CONCRETE EMBODIMENTS TO WHICH GIST OF PRESENT INVENTION APPLIES

Various embodiments based on the fundamental gist of the present invention will be explained next with reference to the drawings.

First Embodiment

FIG. 1A and FIG. 1B are schematic block diagrams of a photo mask in the first embodiment of the present invention. FIG. 1A shows a plan view of the photo mask, and FIG. 1B shows a sectional view of an evaluation pattern 12 in FIG. 1A taken along the line I-I.

In FIG. 1A, a photo mask 1 includes: a mask-pattern-forming region 4 on which a mask pattern is formed; a scribe-corresponding region 13 positioned around the mask-pattern-forming region 4, and corresponding to a scribed region of a wafer to which the mask pattern is transferred; an evaluation pattern 12 provided on the scribe-corresponding region 13; and a pellicle film 2 covering the photo mask 1 via a pellicle frame (not shown). Further, a light shielding pattern 6 and a light transmitting pattern 7 are formed in the mask-pattern-forming region 4 as shown in FIG. 7B. Ultraviolet rays 10 irradiating at exposure enter from a glass surface 9 side where no mask pattern is formed, enter a mask-pattern-forming surface 8 side and pass through the light transmitting pattern 7 to the pellicle film 2. Here, an effective region to be actually exposed to the wafer is shown by a numeral 5 in FIG. 1A. The width of the scribe-corresponding region 13 is indicated by a numeral 14.

A method for producing a photo mask according to the first embodiment will be explained next.

First, a mask pattern on which the light shielding pattern 6 and the light transmitting pattern 7 are formed as shown in FIG. 7B is formed on one surface of, for instance, a transparent quartz plate which will be the photo mask 1. A forming region on which the mask pattern is formed is the mask-pattern-forming region 4 in FIG. 1A.

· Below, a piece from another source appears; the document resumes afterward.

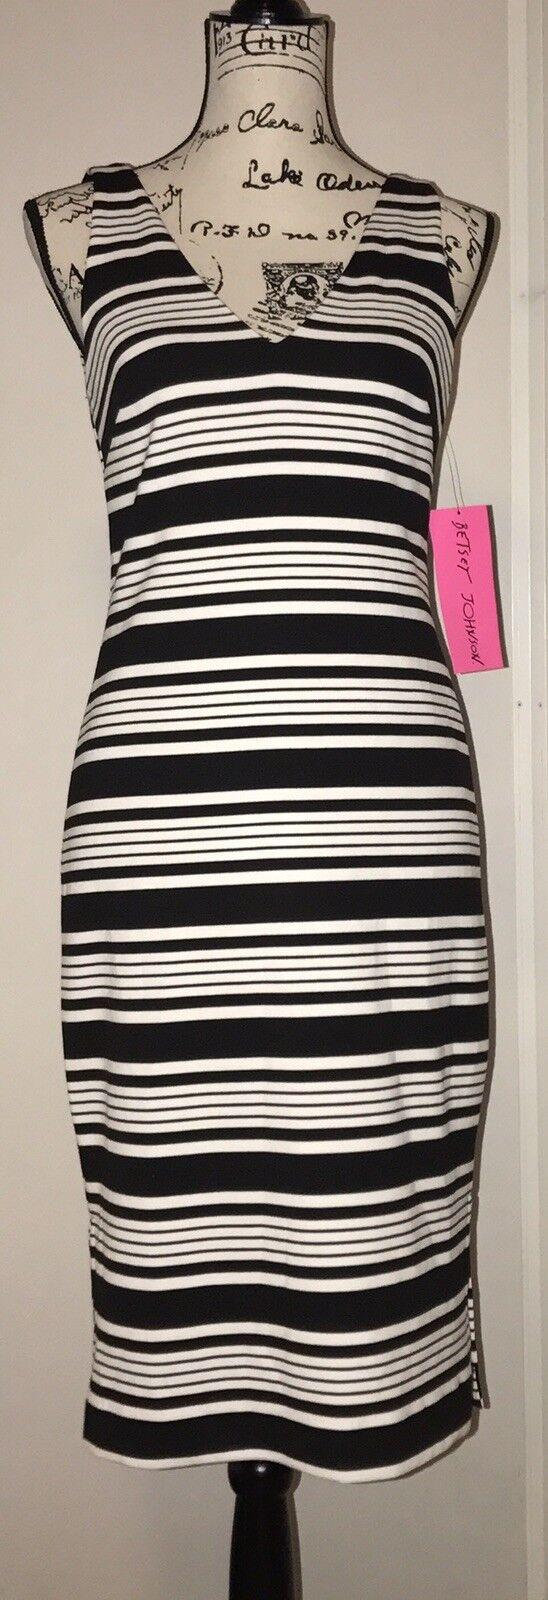 Betsey Johnson schwarz And Weiß Striped Sheath Dress Größe 2

Then, the evaluation pattern 12 is formed in the scribe-corresponding region 13 on the side of the mask-pattern-forming surface 8. The evaluation pattern 12 will be explained using FIG. 1B.

As shown in FIG. 1B, the evaluation pattern 12 is formed in the scribe-corresponding region 13 on the side of the mask-pattern-forming surface 8 with plural depressions 15 to 17. The depressions 15 to 17 are formed by a dry etching method, a wet etching method with hydrofluoric acid, or the like. Liquids of a growable substance for evaluation having different residual ion concentrations are dropped into the respective depressions 15 to 17 using a hollow needle of a manipulator, an eye dropper, a glass tube, or the like, and dried. Here, as the liquid of growable substance for evaluation dropped into the respective depressions 15 to 17, a substance containing sulfuric acid ions, nitric acid ions, or ammonium ions which are thought to be the same kind as a foreign substance generated on the photo mask 1 can be cited. FIG. 1B shows a case in which the ion concentration of the growable substance for evaluation in the depression 15 is the lowest and the ion concentration of the growable substance for evaluation in the depression 17 is the highest.

After the liquid of the growable substance for evaluation dropped into the respective depressions 15 to 17 are dried completely, the pellicle film 2 is stuck on the photo mask 1. The sizes of the respective depressions 15 to 17 are suitably formed in a range of about several μm to several hundred μm so as to provide them in the scribe-corresponding region 13. And in the present embodiment, an example of forming the mask pattern and the evaluation pattern 12 separately is shown, but both may be simultaneously formed.

Next, a method for controlling the photo mask in the first embodiment will be explained.

As described above, when a foreign substance generated on the photo mask 1, is a growable foreign substance growing depending on an accumulated amount of the irradiated ultraviolet rays 10, the growable foreign substance grows larger with increased ultraviolet exposure according to the repeated performance of a photolithographic process using the photo mask. When observing the growable foreign substance visually or through a microscope, it is perceived as cloudiness since incident light is scattered according to the degree of growth. For instance, when a dark-field microscope is used, the degree of generating a foreign substance observed as cloudiness (the degree of cloudiness) is clearly recognized. When the size of a foreign substance becomes as large as about 1 μm or so, it can be recognized as cloudiness under reflected or transmitted light even with the naked eye.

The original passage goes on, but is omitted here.